Q: Tell us about your favorite game — it could be a computer game, a board game, a video game, a game you made up to make long car rides more interesting — anything!

A: Ooh, that's tough. I'm a big fan of video games and don't have one clear favorite, so I'm going to cheat and give several:

Celeste:” A precision 2D platformer with perhaps my favorite game-play mechanics and level design! The physics just feel so smooth and fluid, and the game constantly introduces new mechanisms that allow for some extraordinarily satisfying movement. The difficulty ramps up to insane levels throughout the game, but it's always paced such that each level is just doable enough for you to keep pushing through. It also has some really nice pixel art and music, and a simple yet powerful story about struggling with anxiety and self-acceptance. (It's also surprisingly popular among my friends at MIT!)

A Dance of Fire and Ice:” A precise rhythm game where geometry meets music! Two rotating orbs traverse a track, and you have to tap in rhythm based on the shape of the track. A series of tiles in a straight line (180-degree angles) represents a quarter-note beat, whereas eighth notes are represented by 90 degrees, triplets by 60 or 120, and so on. It makes more sense when you see it, so if this sounds interesting, take a look here!
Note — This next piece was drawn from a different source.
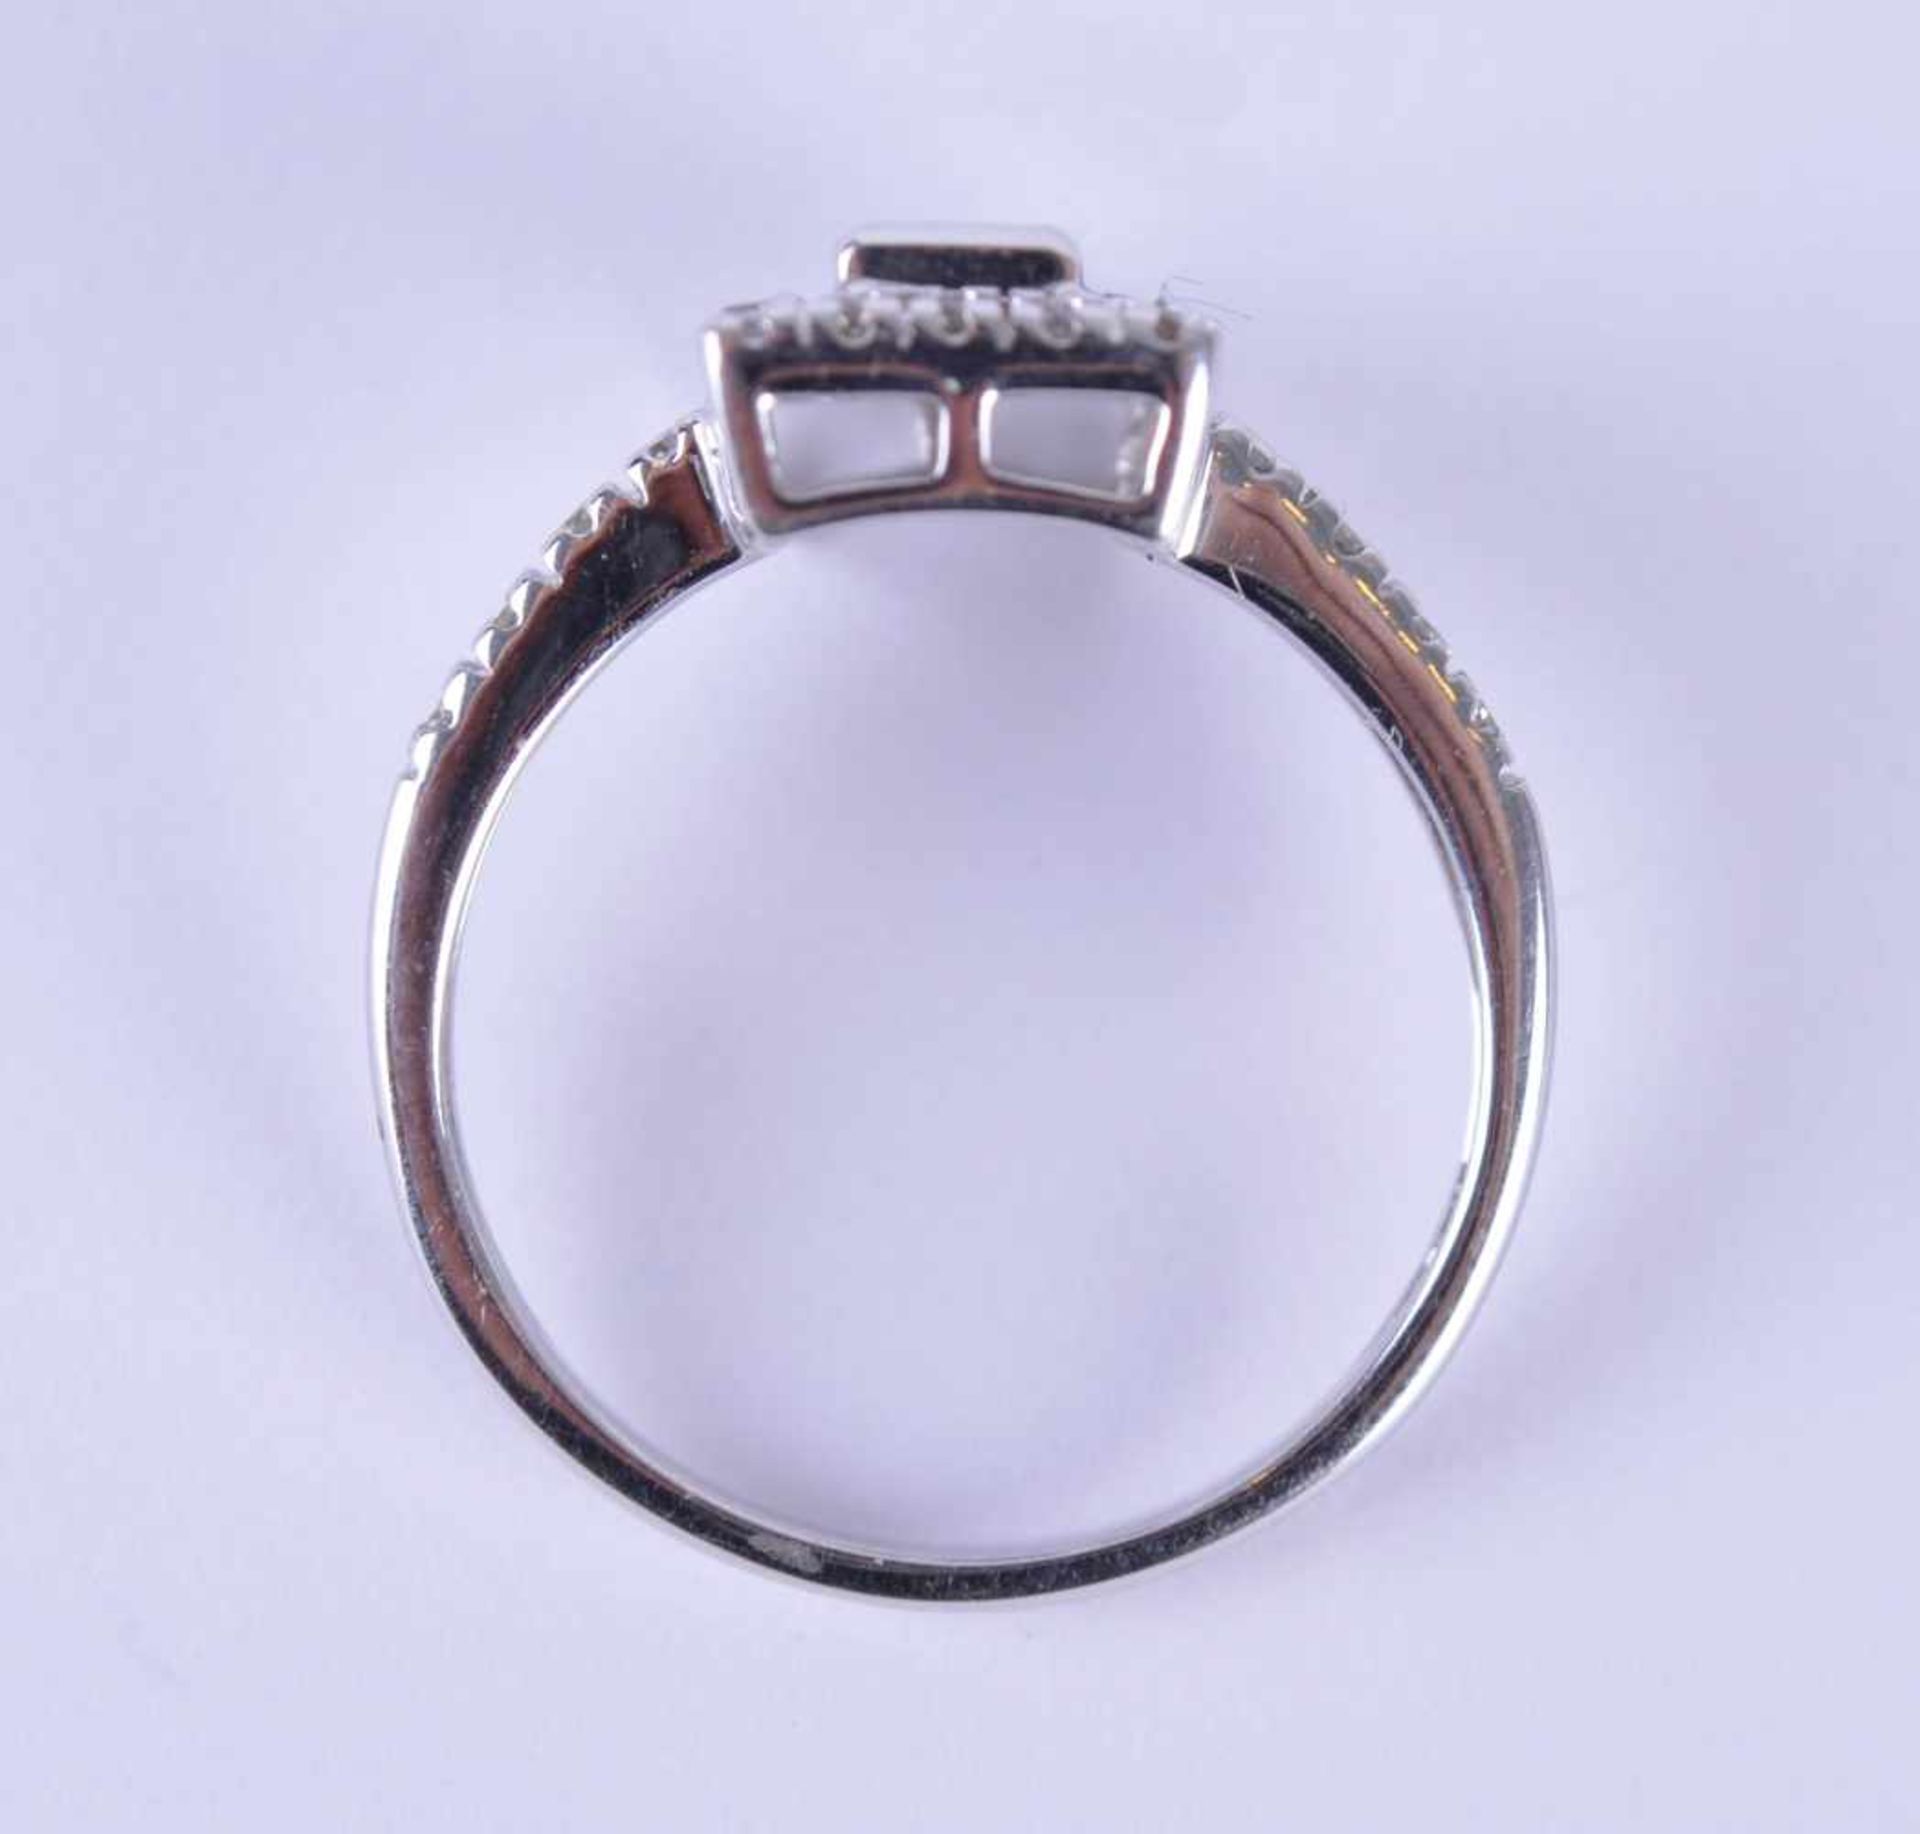 Brillant-Saphirring / Brilliant sapphire ringWG 585/000, Diamanten zusammen 0,20 ct, Saphir 0,50 ct, - Bild 4 aus 5

13 Sentinels: Aegis Rim:” Of all the sci-fi stories I've consumed, this game has the most intricate, staggering, mind-blowing one by far. The basic premise is that 13 high school students are tasked with using the Sentinels — giant mechanized robots — to fight off the kaiju (monsters) invading their world — but that description barely scratches the surface. It takes every science fiction element ever known and combines them all into a single narrative in unique and subversive ways. The game includes the intersecting story arcs of 13 different protagonists that you can play in (mostly) any order, resulting in a dizzying amount of complexity, but never so much that you lose interest. Along with the narrative segments, the game also includes several dozen real-time strategy tower defense game-play stages. Did I mention that the music and art are also gorgeous?

Q: What’s your favorite TikTok, Instagram or YouTube video?

A: “me and the boys after watching mary poppins”

Q: What are you looking forward to about life after graduation? What do you think you’ll miss about MIT?

A: I'm looking forward to having free time that's completely mine, without having to worry about whether I should be getting ahead on work, investing more time into my research, etc. Normally I'm good at establishing a sustainable balance even at MIT, but sometimes it's all too easy for me to do too much without realizing how much strain I'm putting on myself. This semester, I didn't realize how exhausted I was until spring break finally hit.

But that flexibility goes both ways, too: I'll miss psetting with friends in the evenings on a problem that's enraptured our brains. I'll miss the freedom to sip tea and read a book on weekday afternoons without worrying about being somewhere. I'll miss the opportunities to organize last-minute food outings and hiking trips, the ease of walking down the hall and knocking on people's doors, the spontaneity of “Smash Bros.” sessions in the dorm lounges.

Most of all, I'll miss the friends I've made here — the friends I play party games with, the friends I go running with, the friends I talk with about the future and our ideals and the kinds of people we want to become. For all of you, I wish nothing but the best, and I hope we still find ways to remember and see each other once we graduate.